This Man Craig is a TV drama series produced by BBC Scotland and screened over 52 episodes in 1966 and 1967. It was set in a secondary school in the fictional Scottish town of Strathaird. Episodes were filmed at Glasgow’s Bellahouston Academy and Knightswood School. The series dealt with the everyday issues affecting both staff and pupils at Strathaird School, and in particular the title character, idealistic science teacher and housemaster Ian Craig (played by John Cairney).

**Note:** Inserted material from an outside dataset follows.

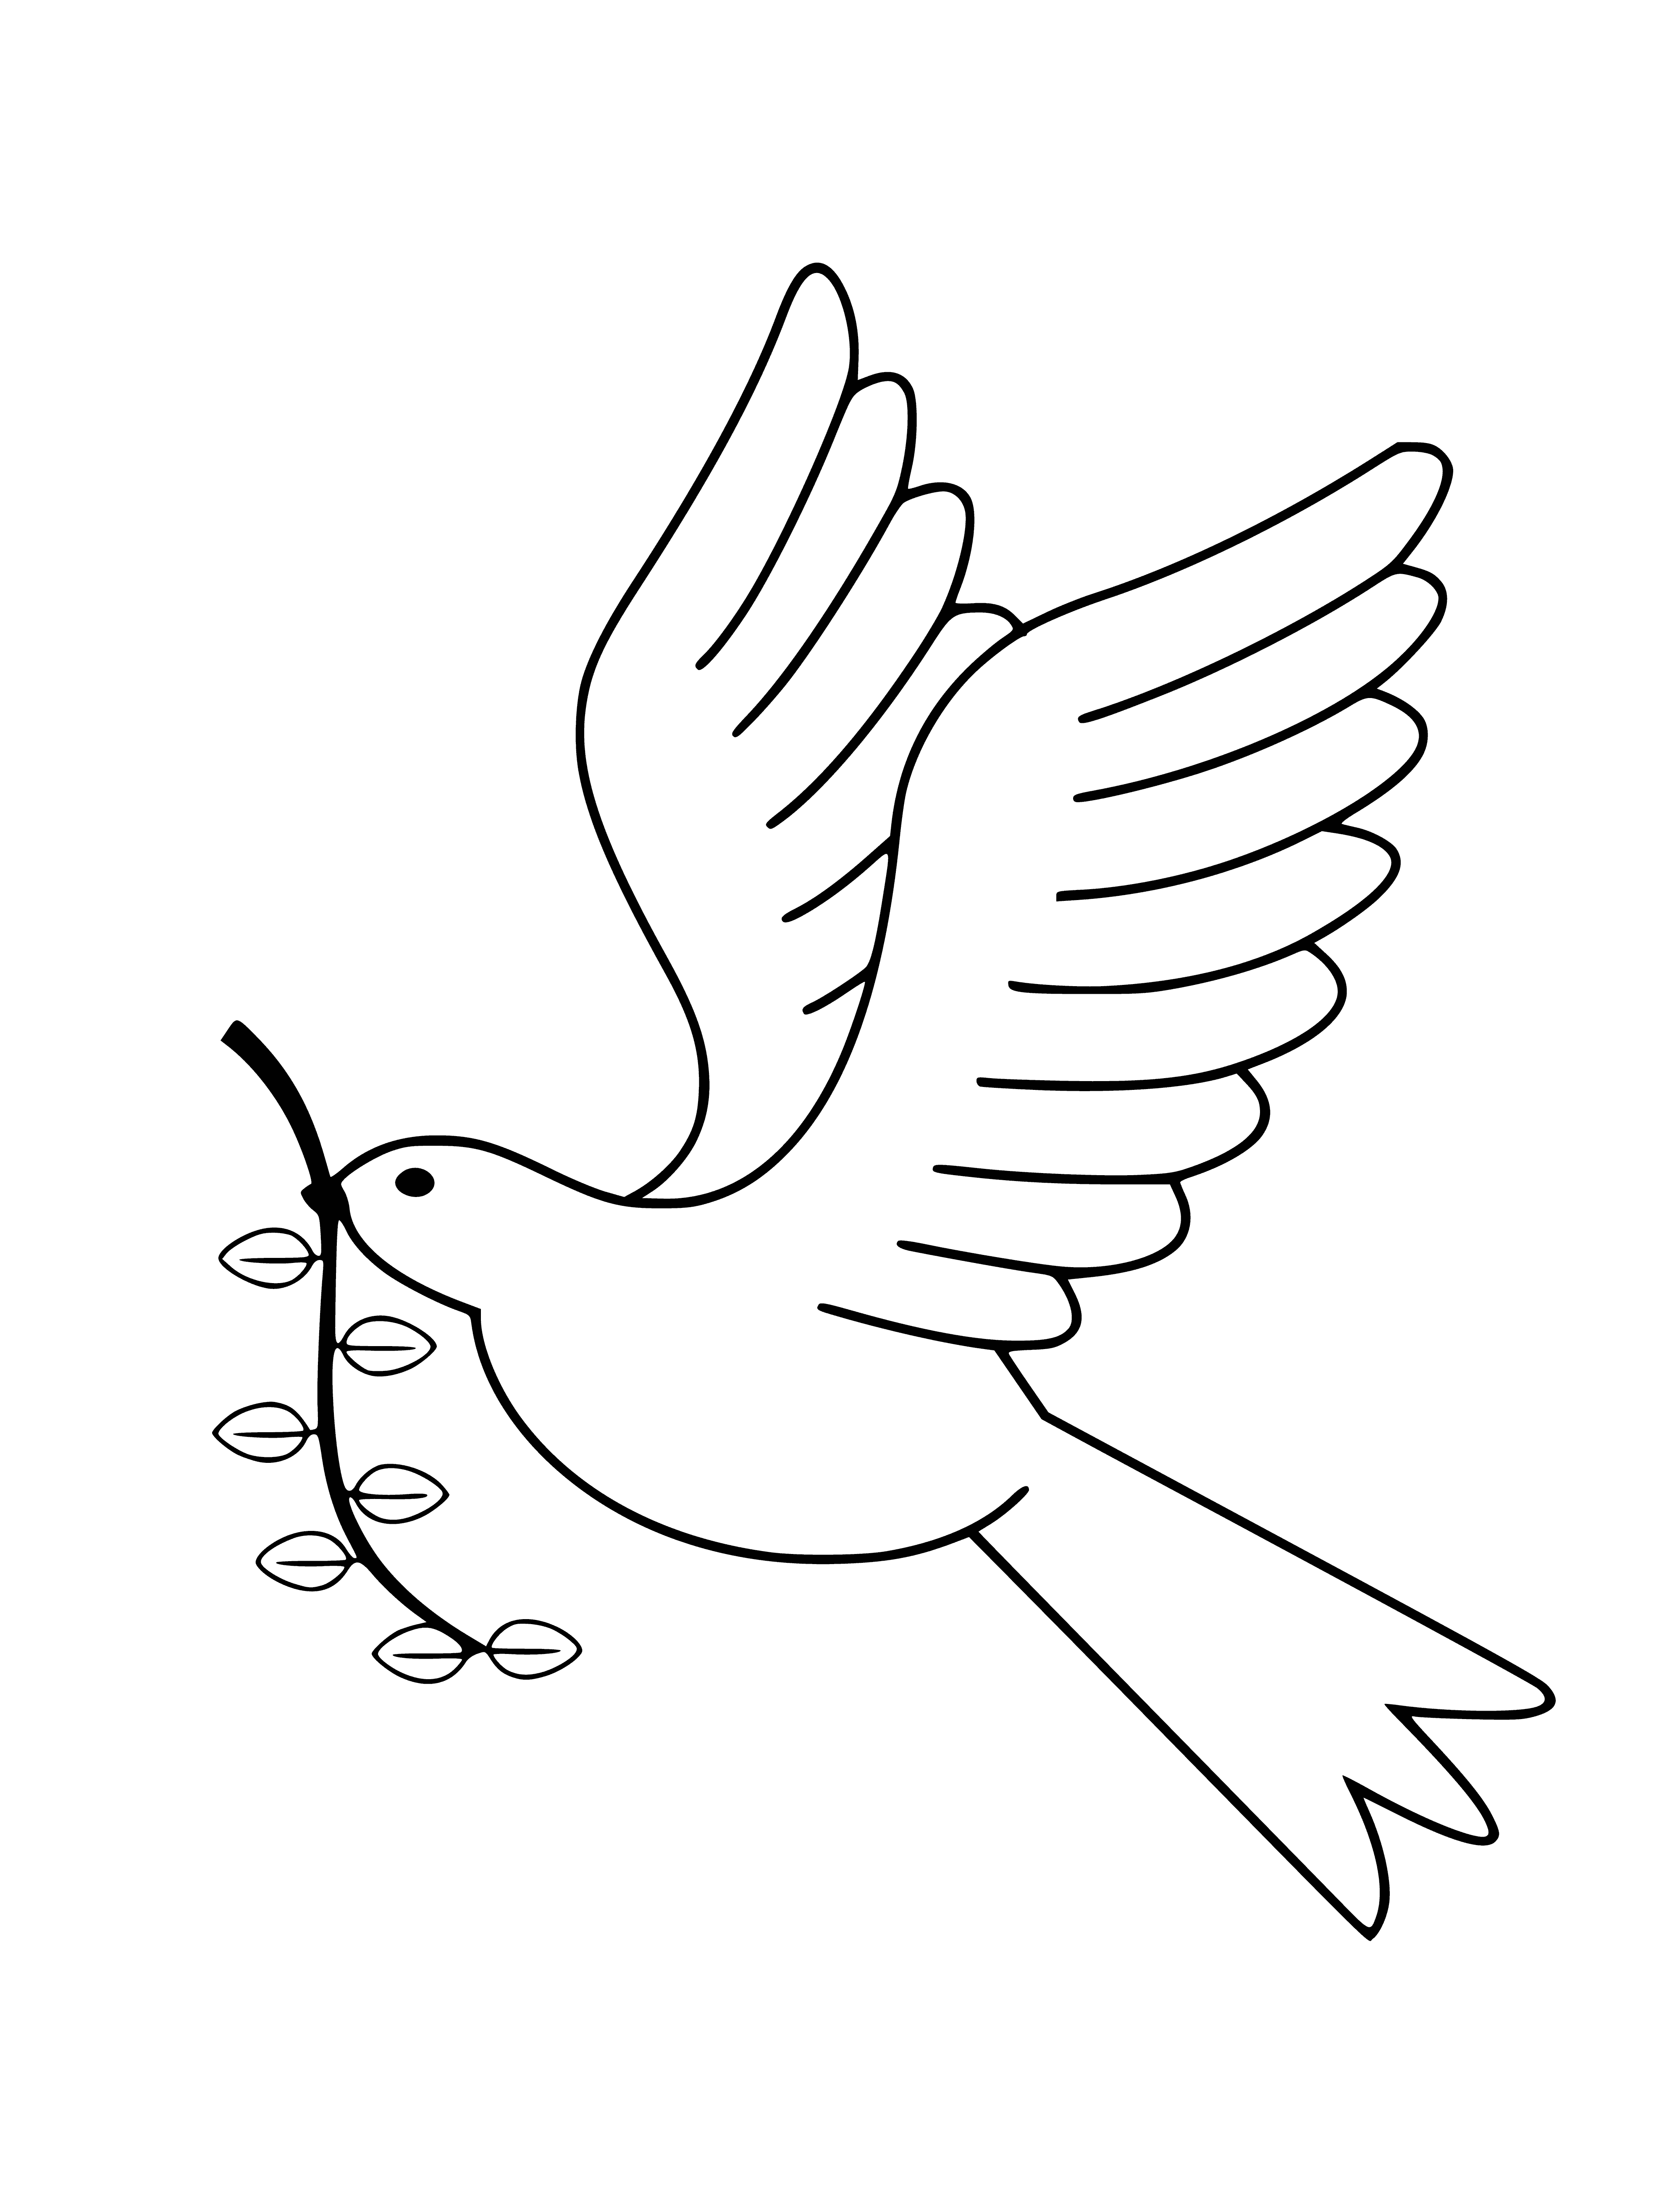 Dove - a symbol of peace coloring page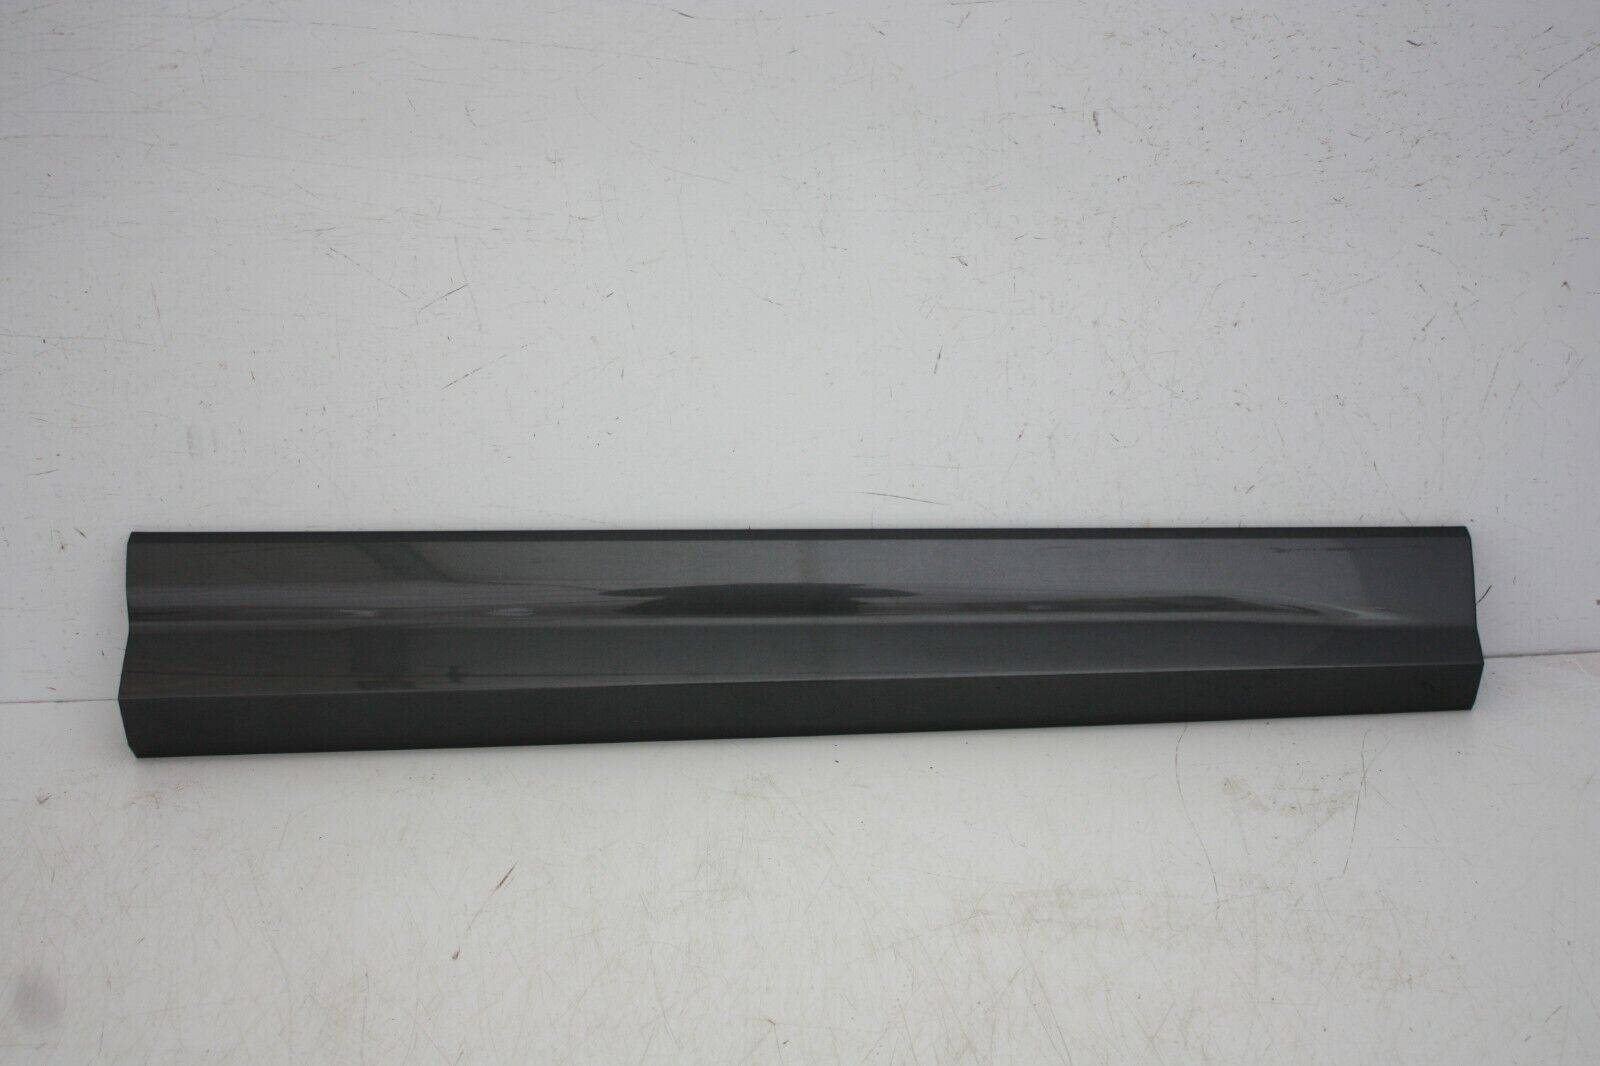 Audi Q2 S Line Front Right Side Door Moulding 2016 TO 2021 Genuine 175367544173

The first series was shown over 26 episodes between January 7, 1966 and July 1, 1966. The second series was shown over 26 episodes between September 17, 1966 and March 21, 1967. Only two episodes are known to be still in existence in the BBC Archives. The opening sequence showed Ian Craig driving over the Forth Road Bridge, which at the time was newly built and a Scottish cultural icon.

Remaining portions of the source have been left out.